About 100 county residents who attended were asked to score the slides. Mirroring reactions Nelessen had received in similar presentations all across the country, Kitsap residents indicated a distaste for strip mall development and residential housing that offered garage doors as their public face. I remember sitting in the audience that day and seeing a slide showing my neighborhood on the Ridgetop. The scene received one of the lowest scores of all the slides.
It wasn’t too many years later that residents on Bainbridge Island decided to join with what was then the city of Winslow and incorporate the entire island into one city. For most of the people who voted to incorporate islandwide, it was an attempt to wrest control over local development rules from the county and put that control in local hands.
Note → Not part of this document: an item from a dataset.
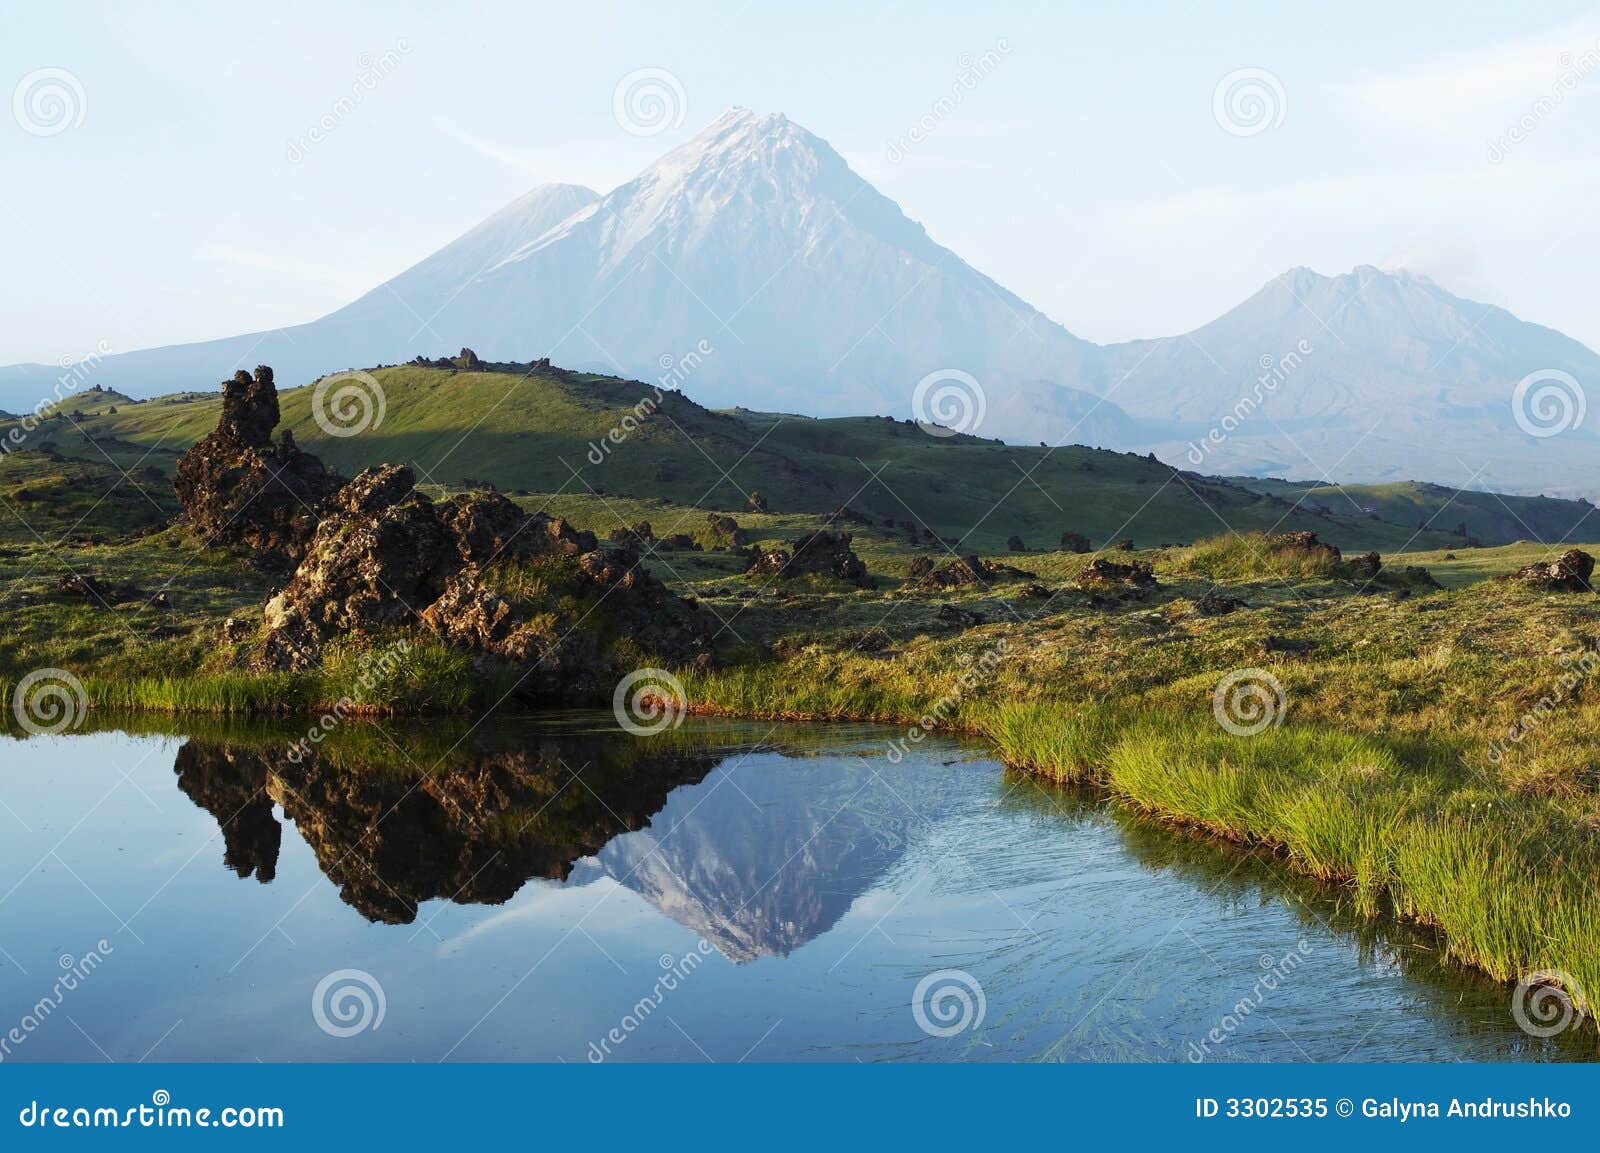 Volcano on Kamchatka. Volcano Kluchevskoj and Kamen on Kamchatka
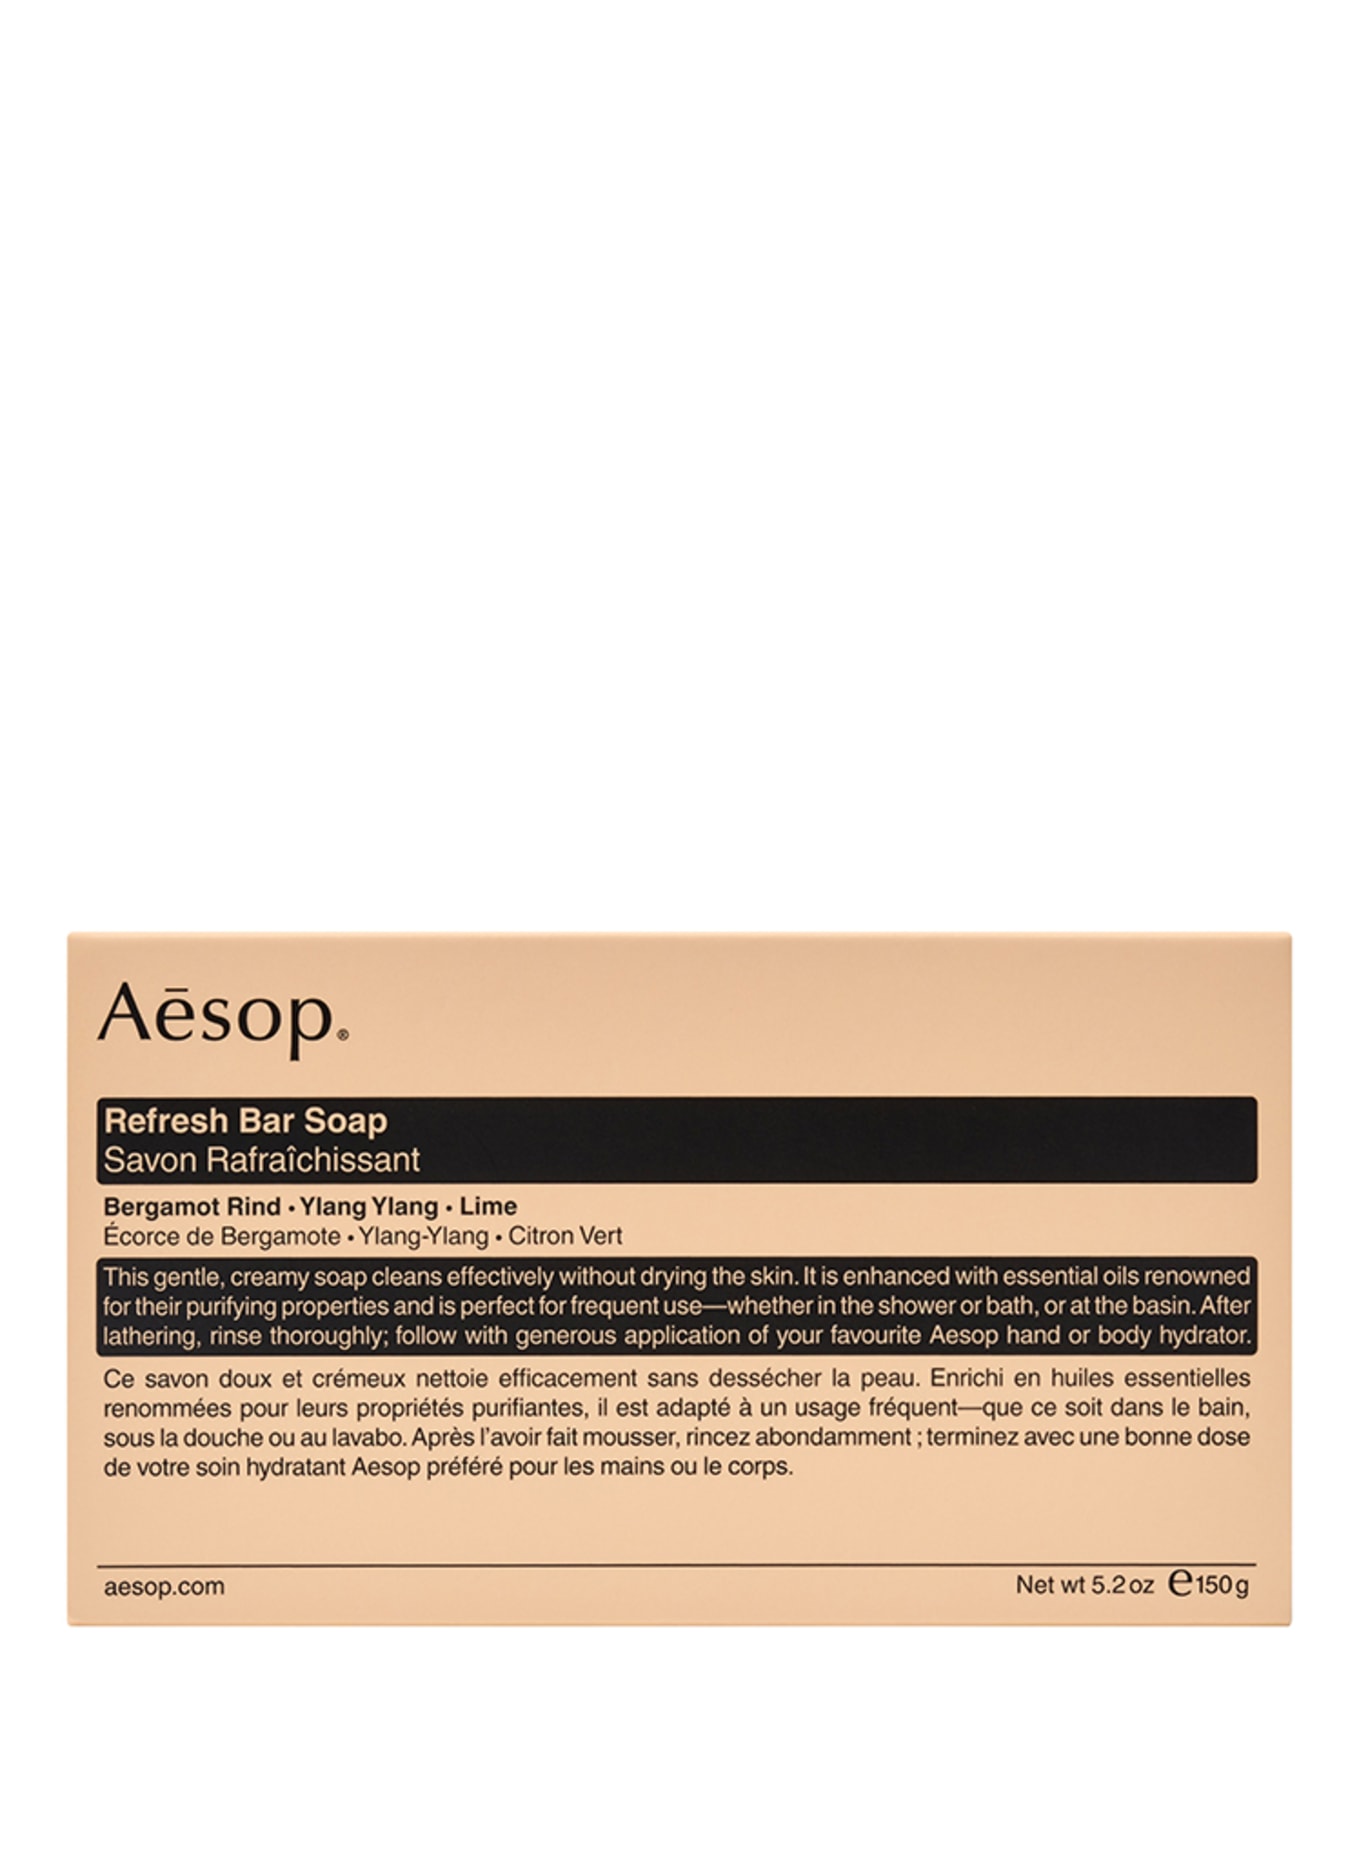 Aesop REFRESH BAR SOAP (Obrázek 2)

Scenes from Bainbridge Island’s commercial district and neighborhoods won high marks during the slide presentation that day in 1992.
There was a strong sense among island residents that, in planning growth, neighborhoods should be preserved; development should be focused into specific areas; rural lands should be retained. All these values ended up in the city’s comprehensive planning.
That brings us to today. Bainbridge Island is the second largest city in Kitsap. It has grown more quickly than other parts of the county, despite the city’s reputation for putting more restrictions on development and for being a difficult place for developers to obtain permits. There have been many Bainbridge stories over the years of old trees being preserved, old houses being moved rather than demolished; and chain restaurants being kept off the island. Bainbridge would seem to be the last place where a historic home in an historic district would be endangered by a planned multi-use development.